Here is news of interest from research taking place at DOE’s Oak Ridge National Laboratory.
CO2 to the rescue
Tomorrow’s commercial refrigeration systems — like the ones in supermarkets – could be cooled by carbon dioxide instead of hydrofluorocarbons, a greenhouse gas that is nearly 4,000 times more potent than CO2. That is important because millions of pounds of HFCs leak into the environment every year, said Brian Fricke, a researcher in Oak Ridge National Laboratory’s Building Equipment Research Group. To address the problem, Fricke and colleagues are experimenting with CO2 and other refrigerants, including a hydrofluoroolefin called R1234yf. While by definition CO2 has a global warming potential of 1, the hydrofluoroolefin’s is 4, so both are far less harmful to the environment than HFCs with a rating of 3,900.
Still, while CO2-based systems work well in cold climates, they aren’t as efficient in warmer climates, so Fricke is experimenting with various approaches to address the limitation.
Low-cost 3-D feedstock
Reformulated plant matter could be at the roots of a revolution in 3-D printing projected to hit $5.2 billion by 2020. Soydan Ozcan, a researcher in Oak Ridge National Laboratory’s Carbon and Composite Group, leads a team that is testing plant material that has been reformed into neatly woven nanoscale crystals and fibers.

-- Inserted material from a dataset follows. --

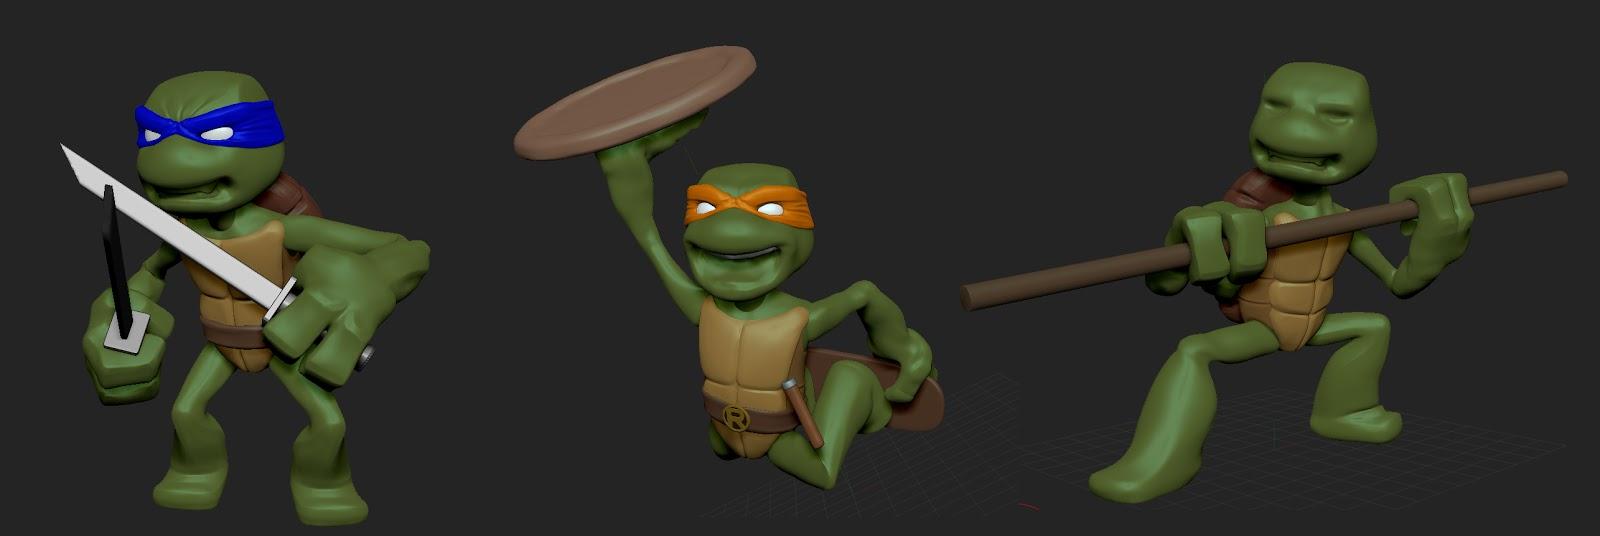 turtle%2Bprogres.jpg

Mixed with various plastics, including those that are bio-based, these needle-like crystals can produce feedstock polymers for 3-D printers with stiffness improvements already a factor of three over widely used structural materials. They are also less expensive and mostly biodegradable. Potential applications include fuel-efficient car parts, batteries, packaging and building materials, furniture, disposable electronics and bulletproof suits.
Better graphite anode
Lithium-ion batteries for cars, phones, laptop computers and other devices could retain their charge more effectively and last longer because of a method developed at Oak Ridge National Laboratory. By employing a proprietary additive to the furnace gas used during processing of natural graphite, the ORNL team produced anodes that enable a coin cell to retain up to 75 percent of its charge capacity after 1,600 to 2,000 cycles. This represents a significant improvement over the baseline version’s 67 percent after 1,400 cycles. Researchers noted that their patent-pending technique stabilizes the graphite surface, reduces cost and lowers temperature requirements. These advances allow processing to be done with less expensive furnaces and less energy. The method could also help the U.S. graphite industry gain a competitive edge over overseas sources. Findings were published in the journal CARBON.